La primera vez que oí la verdad acerca del Spin fue cinco años después del Suceso de Octubre, en una fiesta de trineos una noche de invierno de un frío cortante. Y fue Jason, como era típico, quien contó la noticia.
La noche comenzó con la cena en la casa de los Lawton. Jason estaba en casa para pasar las vacaciones de Navidad, así que la cena tenía algo de acontecimiento, aunque sólo fuera «para la familia». A mí me habían invitado por la insistencia de Jase, probablemente en contra de las objeciones de E. D.
—Tu madre también debería estar aquí —me susurró Diane cuando me abrió la puerta—. Intenté que E. D. la invitara, pero… —se encogió de hombros.

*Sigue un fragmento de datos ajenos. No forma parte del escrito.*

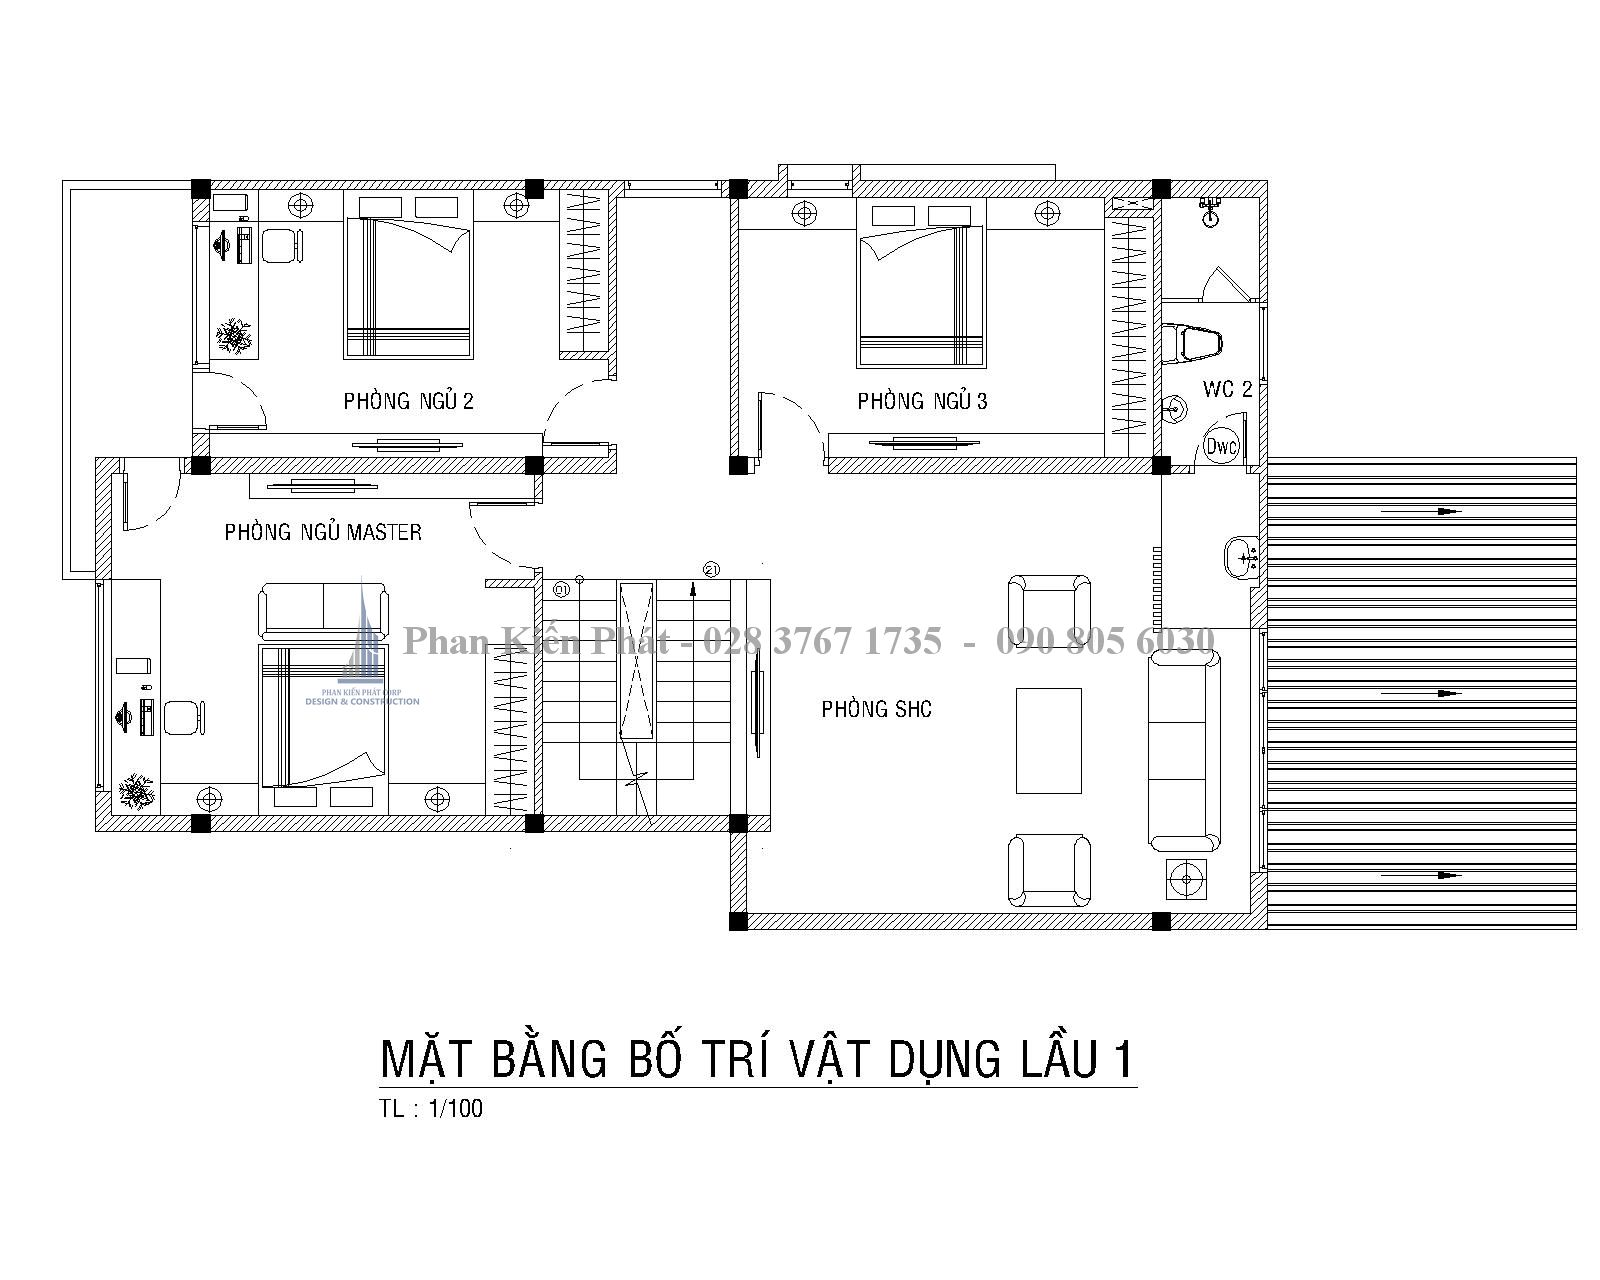 Mat Bang Bo Tri Vat Dung Lau 1 Biet Thu Vuon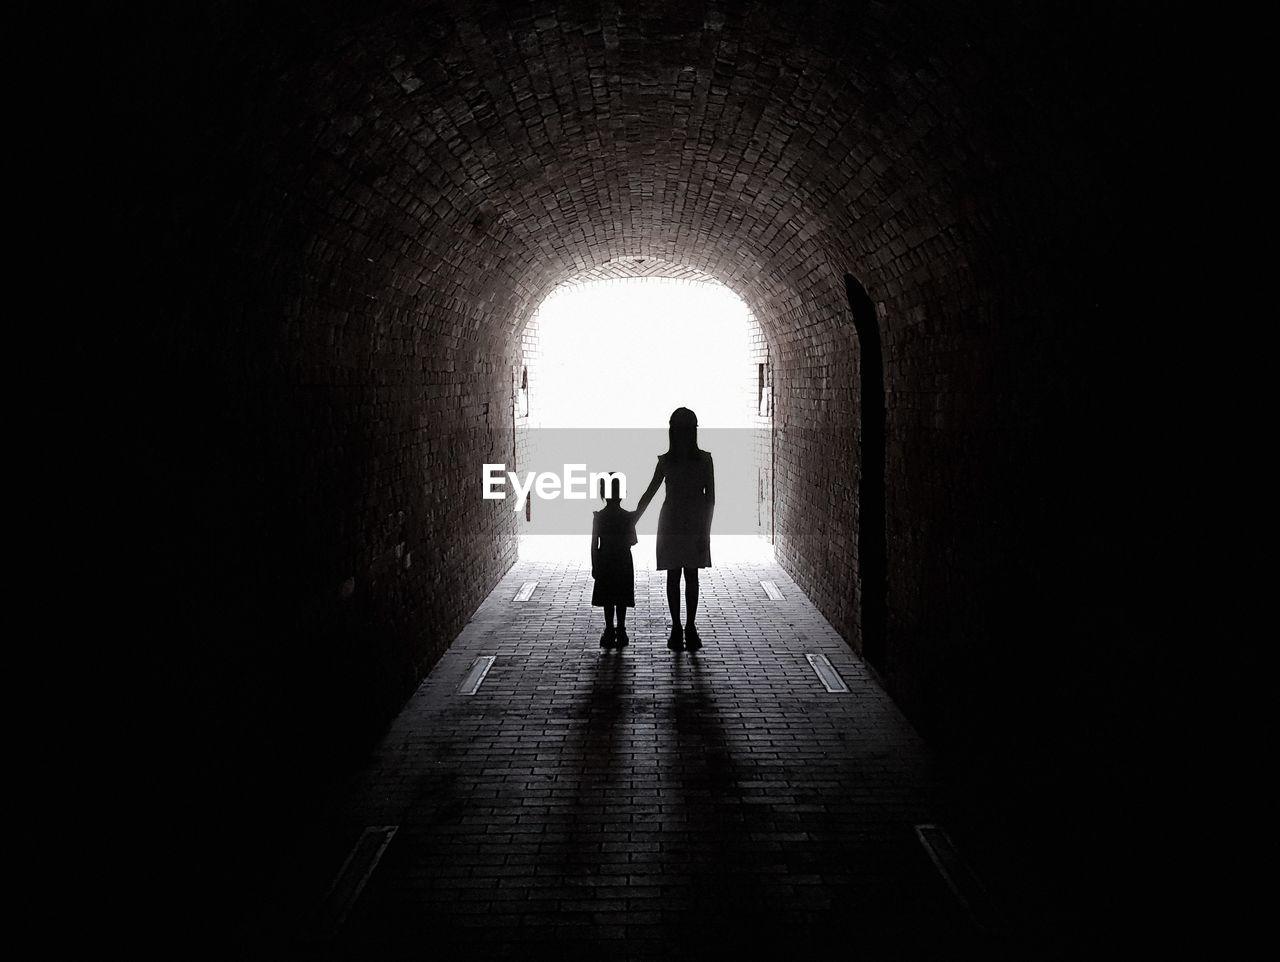 Silhouette Siblings Standing In Archway

Estaba bien, le dije; Jason ya se había pasado a saludar.
—Y además, no se encuentra bien.
Estaba en cama con dolor de cabeza, cosa que no era típico de ella. Y no estaba precisamente en posición de quejarme del comportamiento de E. D: el mes anterior se había ofrecido a correr con los gastos de mis estudios de medicina si pasaba la prueba de acceso, «porque», me había dicho, «a tu padre le hubiera gustado». Era un gesto al mismo tiempo generoso y emocionalmente falso, pero también era un gesto que no podía permitirme rechazar.
Marcus Dupree, mi padre, había sido el amigo más íntimo de E. D. Lawton (algunos decían que el único) cuando estaban en Sacramento, cuando empezaban a presentar proyectos de vigilancia mediante aeróstatos al servicio meteorológico y a la Policía de Fronteras. Mis recuerdos de él eran borrosos y se habían fundido con las historias que contaba mi madre, aunque recordaba con claridad la llamada a la puerta la noche que había muerto. Era el único hijo de una familia trabajadora de Maine de origen franco-canadiense, orgulloso de su título de ingeniero, con talento, pero ingenuo respecto al dinero: había perdido sus ahorros en una serie de jugadas en el mercado de valores, dejando a mi madre con una hipoteca que no podía pagar.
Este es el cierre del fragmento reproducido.